3. Switching to self-attention, which derives keys, queries, and values from the encoder's hidden states, could further influence these states. This method might make the encoder generate states that capture interactions within the source sequence, and the decoder would then use these to create more nuanced target tokens. Such a change could enhance both the source sequence's representation and understanding of dependencies in the target sequence.

### Unsupervised learning

1. As we have seen, a variational autoencoder's loss is comprised of a reconstruction term and  a KL-divergence term. While training your VAE, you accidentally forgot to include the KL-divergence term.
What would be the qualitative effect of this on:

  1. Images reconstructed by the model during training ($x\to z \to x'$)?
  1. Images generated by the model ($z \to x'$)?

**Answer 1:**

2. Reconstructed Images During Training ($x\to z \to x'$):
Missing the KL-divergence term from VAE's loss function essentially turns your model into a plain autoencoder, making the reconstruction loss its primary focus. Thus, the reconstructed images during the training process could still be of reasonable quality. This is due to the model's continuous effort to minimize the reconstruction error and learn a potentially intricate pathway from input to the latent space and back. However, the model's latent space might not be as well-structured as it would be with the KL-divergence term, and the model might not be able to generate new images.
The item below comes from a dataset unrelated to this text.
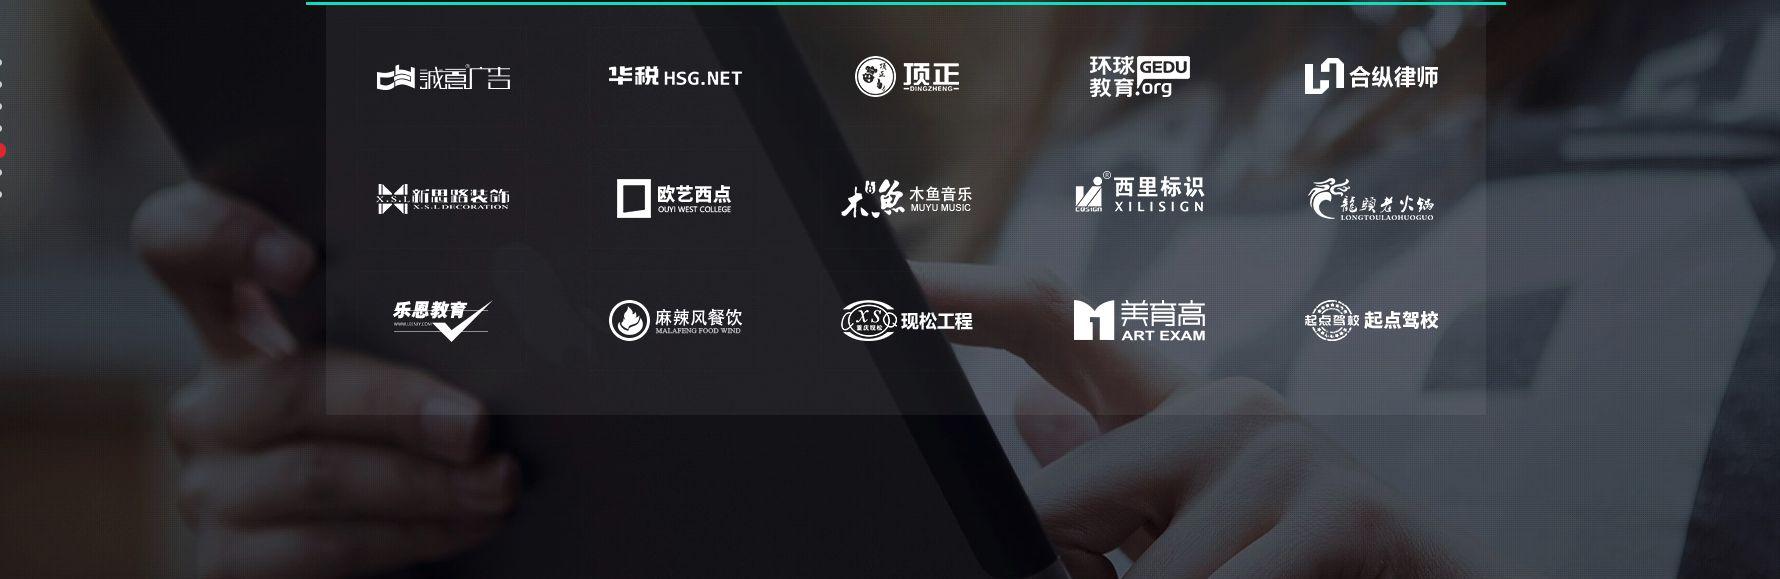 重庆网站建设gongsi

3. Generated Images by the Model ($z \to x'$):
The KL-divergence component of the VAE loss guides the latent space to align with a standard Gaussian distribution - a crucial aspect for the generation of new images. Without this, the structure of the latent space might be unorganized and lack a discernible distribution. Consequently, when new latent vectors are sampled from a Gaussian distribution to generate novel images, the results might be nonsensical or unpredictable. This is because these sampled points may not align with meaningful encodings within the poorly structured latent space.

2. Regarding VAEs, state whether each of the following statements is **true or false**, and explain:
  1. The latent-space distribution generated by the model for a specific input image is $\mathcal{N}(\vec{0},\vec{I})$.
  2. If we feed the same image to the encoder multiple times, then decode each result, we'll get the same reconstruction.
  3. Since the real VAE loss term is intractable, what we actually minimize instead is it's upper bound, in the hope that the bound is tight.

**Answer:**

3. False. The model does not yield a $\mathcal{N}(\vec{0},\vec{I})$ distribution in the latent-space for any specific input image. It instead produces a $\mathcal{N}(\vec{\mu},\vec{\sigma})$ distribution, with the mean ($\vec{\mu}$) and standard deviation ($\vec{\sigma}$) vectors specifically tailored for that image.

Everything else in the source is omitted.